¹⁰ Department of Clinical Genetics, Erasmus University Medical Center - Sophia Children's Hospital, Rotterdam, The Netherlands; Department of Pathology, GROW-School for Oncology and Developmental Biology, Maastricht University Medical Center, Maastricht, The Netherlands.
¹¹ Medical Research Council (MRC) Human Immunology Unit, MRC Weatherall Institute of Molecular Medicine (WIMM), John Radcliffe Hospital, Translational Gastroenterology Unit, University of Oxford, Oxford, UK.
¹² Department of Clinical Genetics, Erasmus University Medical Center - Sophia Children's Hospital, Rotterdam, The Netherlands; Department of Pediatric Surgery, Erasmus University Medical Center - Sophia Children's Hospital, Rotterdam, The Netherlands. Electronic address: [email protected].

PMID: 39725172
DOI: 10.1053/j.gastro.2024.12.011

Abstract

Background and aims: The enteric nervous system (ENS), comprised of neurons and glia, regulates intestinal motility. Hirschsprung disease (HSCR) results from defects in ENS formation, yet while neuronal aspects have been extensively studied, enteric glia remain disregarded. This study aimed to explore enteric glia diversity in health and disease.

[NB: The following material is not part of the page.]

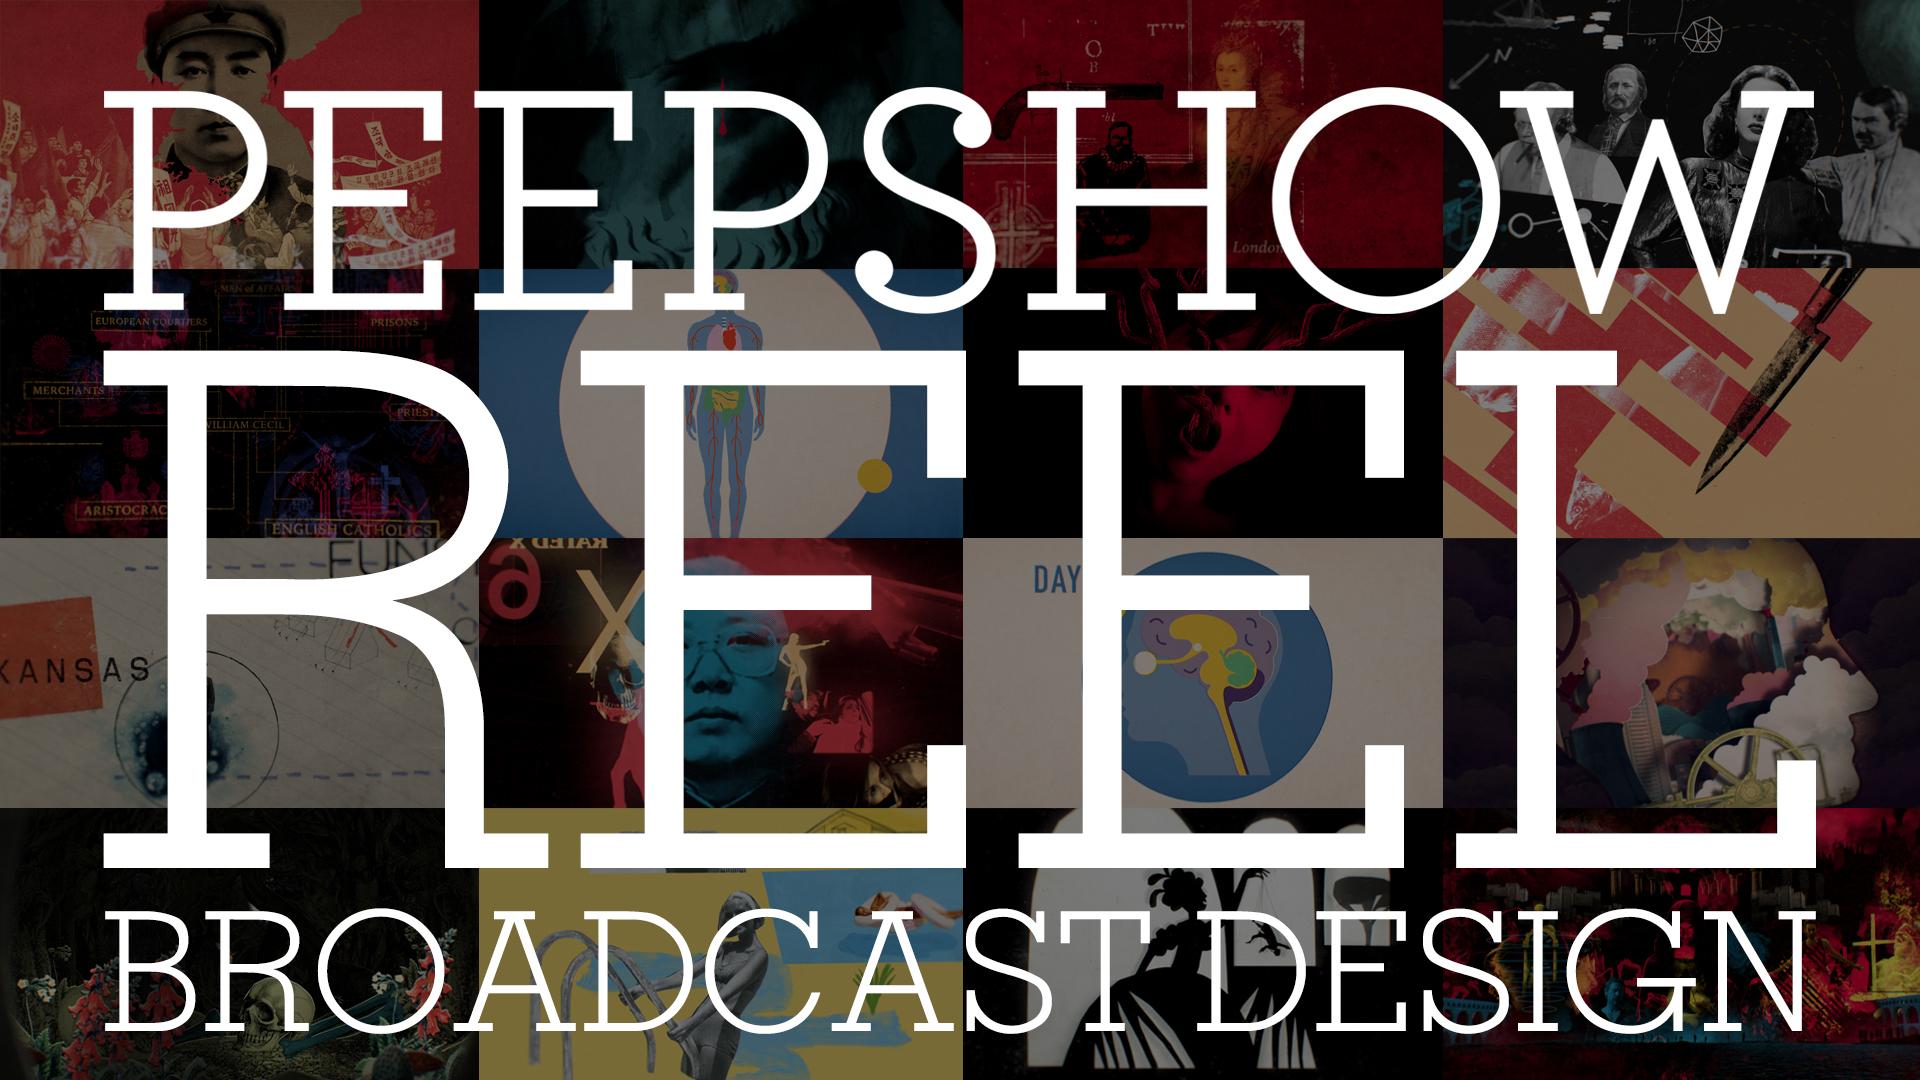 PeepShowReel: Broadcast Design | click to play

Methods: Full-thickness intestinal resection material from pediatric controls and HSCR patients was collected, dissociated and enriched for the ENS population through fluorescence-activated cell sorting. Single-cell RNA sequencing was performed to uncover the transcriptomic diversity of the ENS in HSCR patients and controls, as well as in wildtype and ret mutant zebrafish. Immunofluorescence and fluorescence in situ hybridization confirmed the presence of distinct subtypes.

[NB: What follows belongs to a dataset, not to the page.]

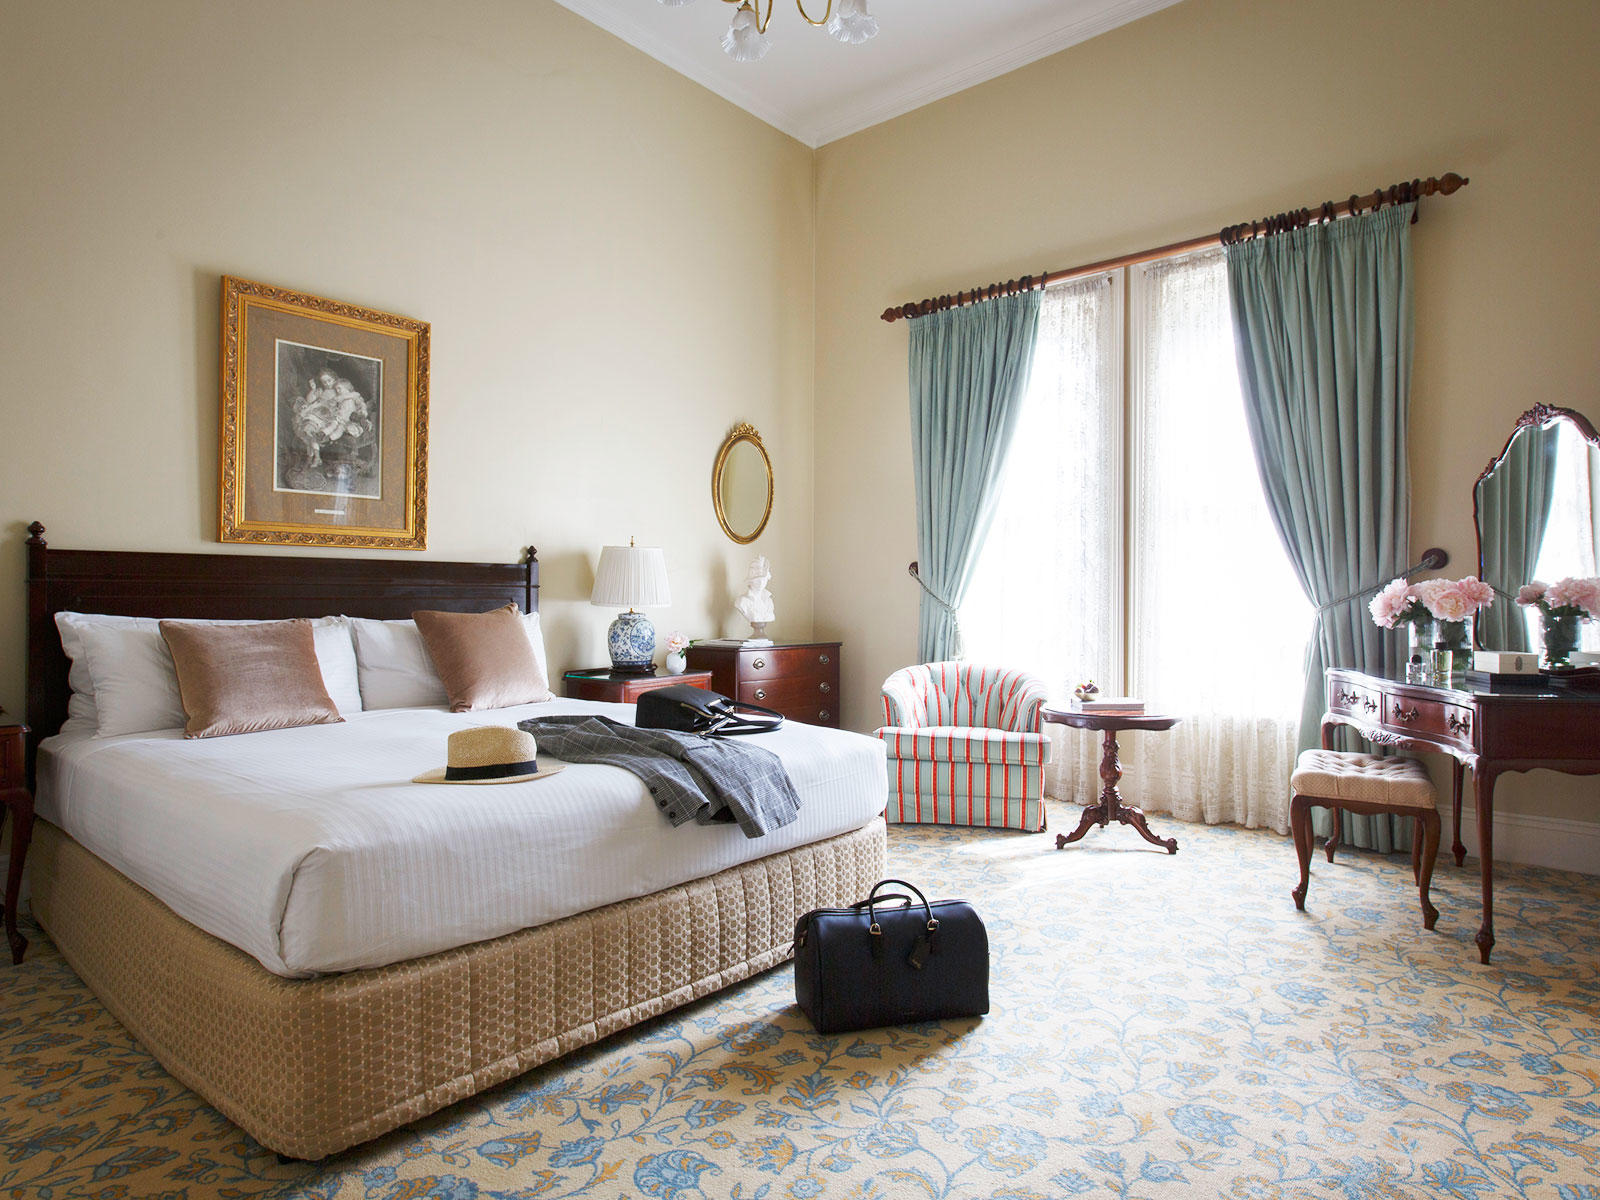 Victorian Suite Bedroom at The Hotel Windsor Melbourne

Results: Two major enteric glial classes emerged in the pediatric intestine: Schwann-like enteric glia, reminiscent of Schwann cells, and Enteric glia, expressing classical glial markers. Comparative analysis with previously published datasets confirmed our classification and revealed that whilst classical enteric glia are predominant prenatally, Schwann-like enteric glia become more abundant postnatally. In HSCR, ganglionic segments mirrored controls, while aganglionic segments, only featured Schwann-like enteric glia. Leveraging the regenerative potential of Schwann cells, we explored therapeutic options using a ret mutant zebrafish. Prucalopride, a serotonin-receptor (5-HT) agonist, induced neurogenesis partially rescuing the HSCR phenotype in ret^+/- mutants.

Conclusion: Two major enteric glial classes were identified in the pediatric intestine, highlighting the significant postnatal contribution of Schwann-like enteric glia to glial heterogeneity. Crucially, these glial subtypes persist in aganglionic segments of HSCR patients, offering a new target for their treatment using 5-HT agonists.

Keywords: ENS; Hirschsprung disease; Schwann cells; enteric glia; prucalopride; single cell RNA sequencing.